If interrupted at any step, the workflow can resume from the last completed step using the state file:

# Workflow interrupted after Step 3
sdd llm-doc-gen resume ./docs
# Resumes from Step 4: Generate Guides

Key Workflow Principles:

  1. Stateful Execution

    • Each step updates project-doc-state.json
    • Resume from any checkpoint
    • No duplicate work
  2. LLMs Read Code Directly

    • No AST parsing or pre-processing
    • LLMs analyze source files natively
    • Simpler, more maintainable
  3. Sharded Output

    • Each step produces focused docs
    • Organized by topic (architecture/, guides/, reference/)
    • Easy to navigate and maintain
  4. Multi-Agent Research

    • Parallel LLM consultation at each step
    • Synthesis of multiple perspectives
    • Richer, more comprehensive insights

Using Codebase Analysis Insights

CRITICAL: The llm-doc-gen skill automatically integrates analysis insights when available.
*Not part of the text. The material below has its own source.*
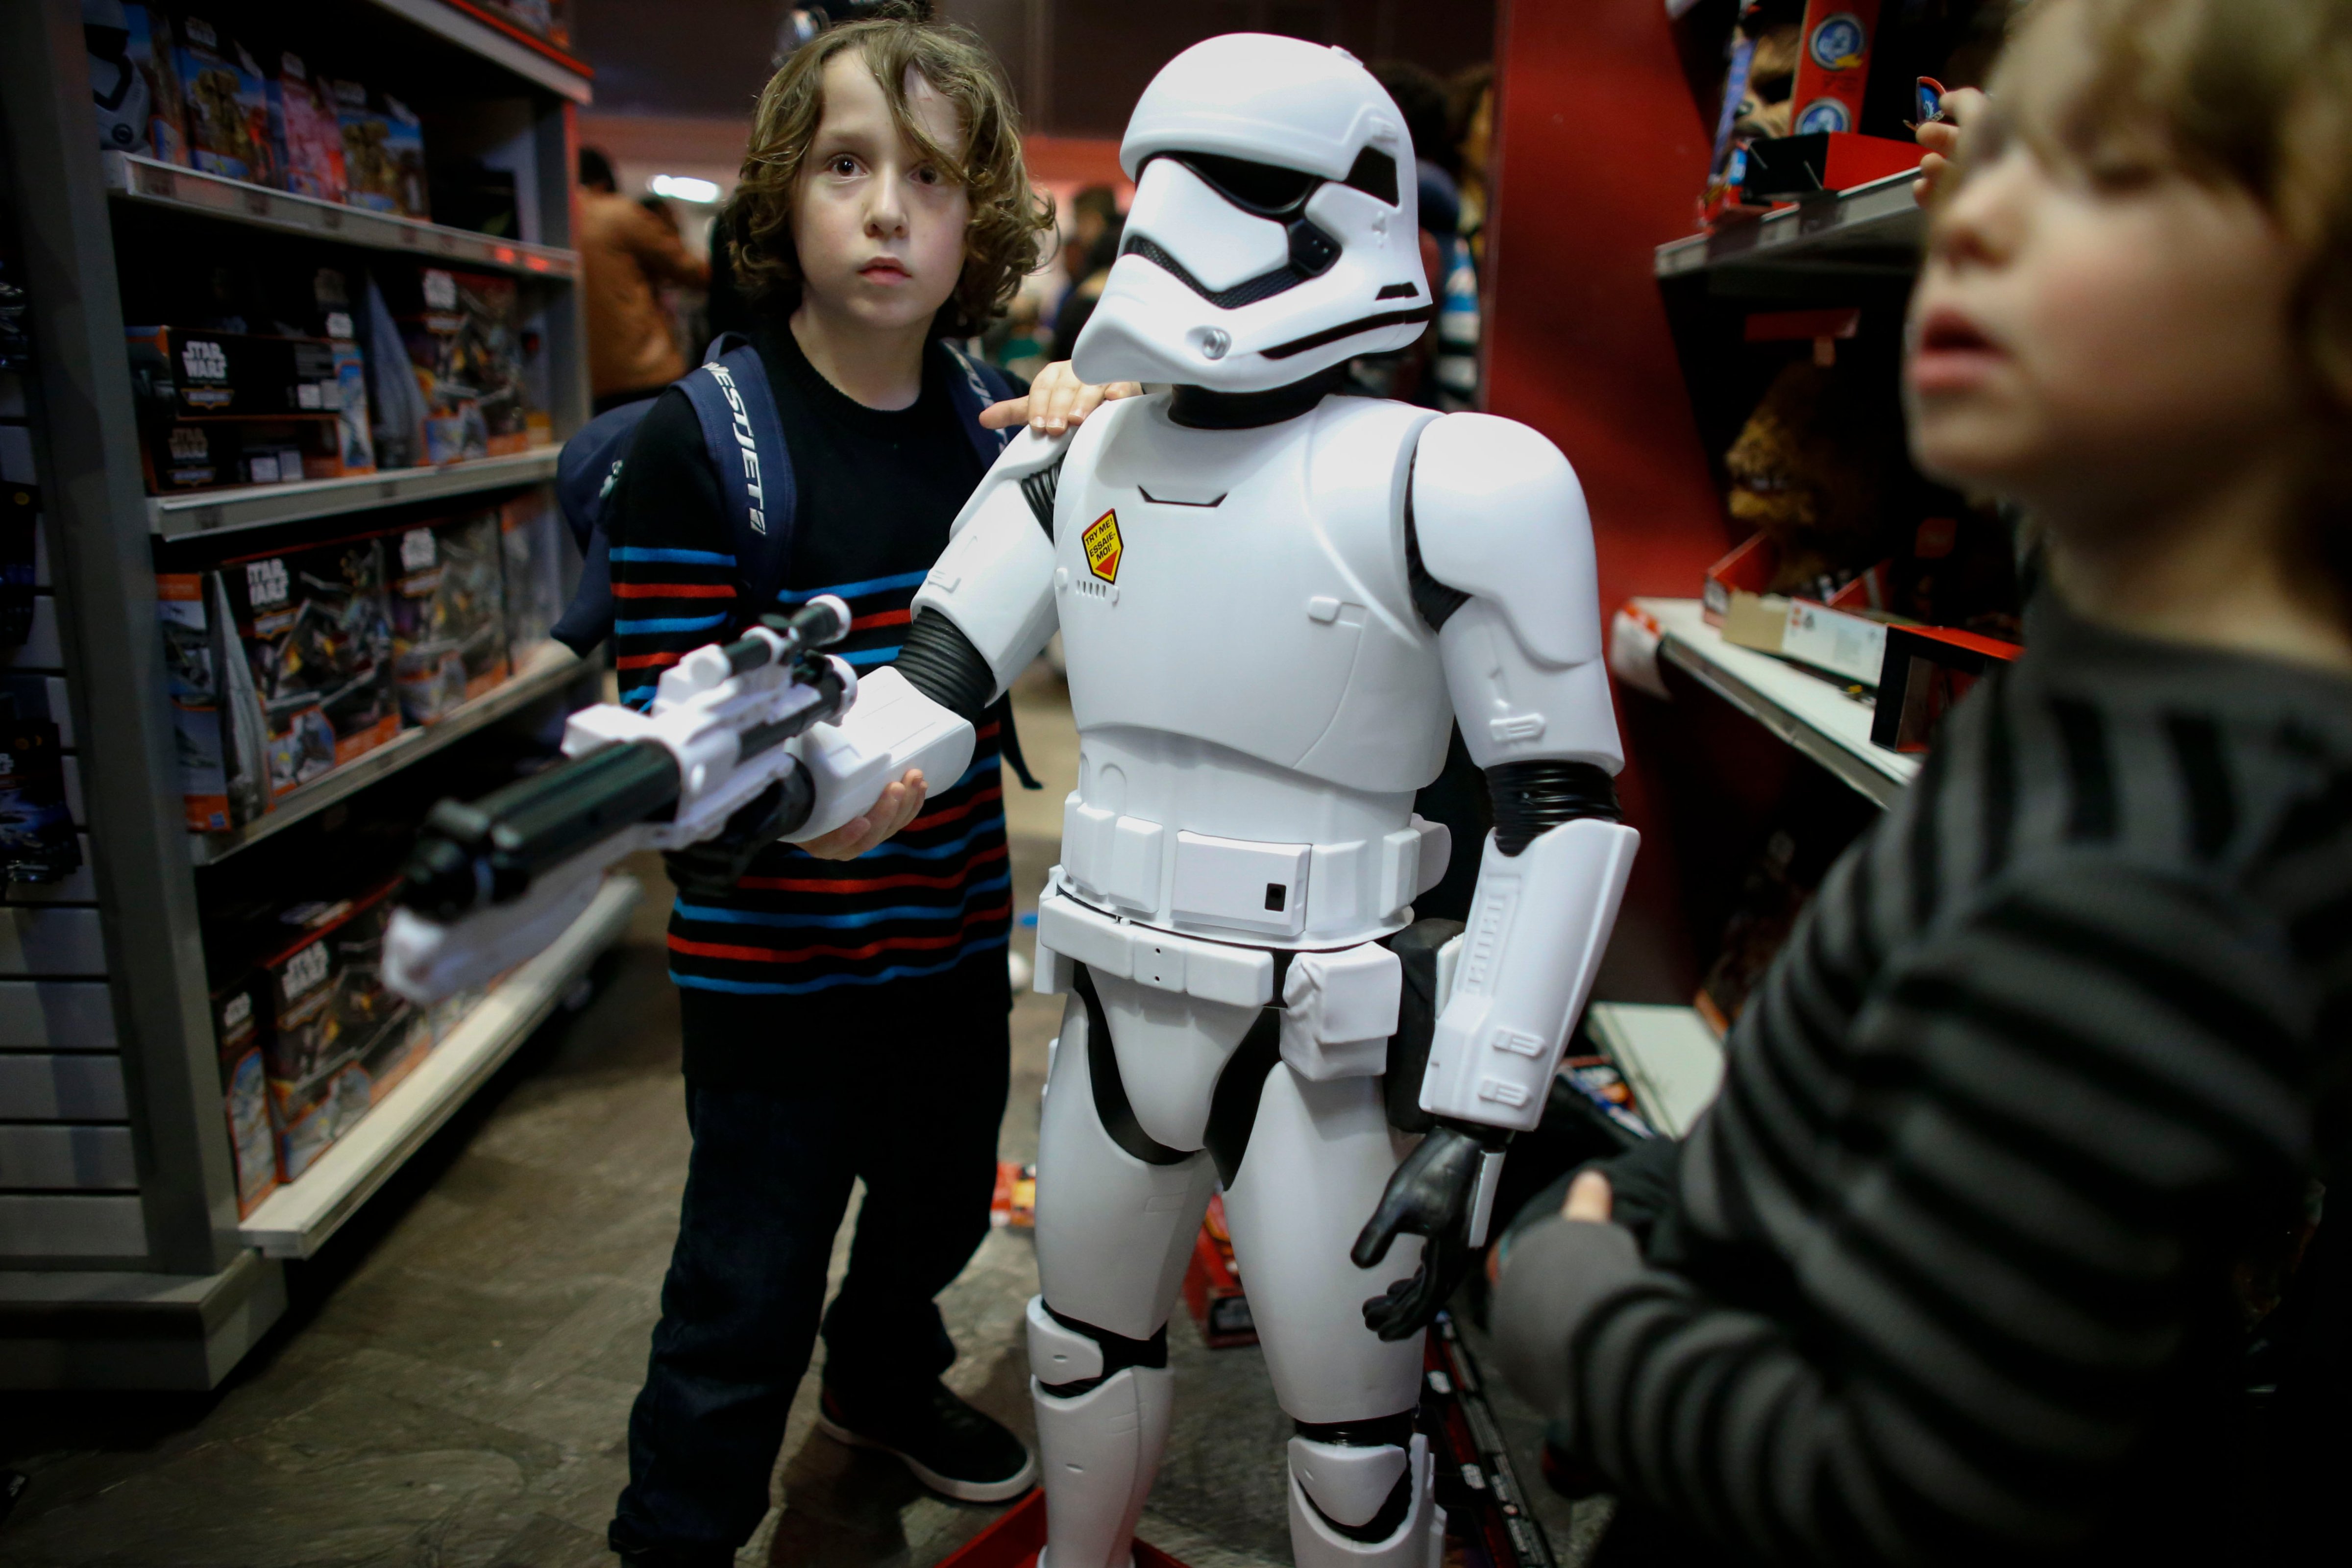 Boys play with a Stormtrooper toy from Star Wars at a Toys"R"Us store on December 24, 2015 in New York City. (Kena Betancur—Getty Images)

Before Generating Documentation

Check for analysis data:

  1. Look for codebase.json in the project root
  2. If found: Analysis insights will be automatically integrated into documentation generation
  3. If missing: Generation continues without insights (graceful degradation - still produces quality docs)

Informing the User

Always tell the user about insights status:

If codebase.json exists:

✅ Found codebase analysis data (codebase.json)
📊 Using factual metrics to enhance documentation quality

If codebase.json is missing:

ℹ️  No analysis data found (codebase.json)
💡 Tip: Run `sdd doc generate` first for better results with factual insights
📝 Continuing with AI reasoning only

What Happens Automatically

When codebase.json exists, the generators automatically:

  • Extract high-value metrics (most-called functions, entry points, complexity, dependencies)
  • Format insights within token budgets (250-450 tokens depending on generator type)
  • Include formatted insights in LLM prompts for factual grounding
  • Use insights to improve architectural pattern identification and accuracy

You don't need to pass special flags or parameters. The integration is automatic.

Error Handling

If insight extraction fails:

  • Generation continues without insights
  • Log a warning but don't fail the operation
  • Inform user: "Warning: Could not load analysis insights, continuing with AI reasoning only"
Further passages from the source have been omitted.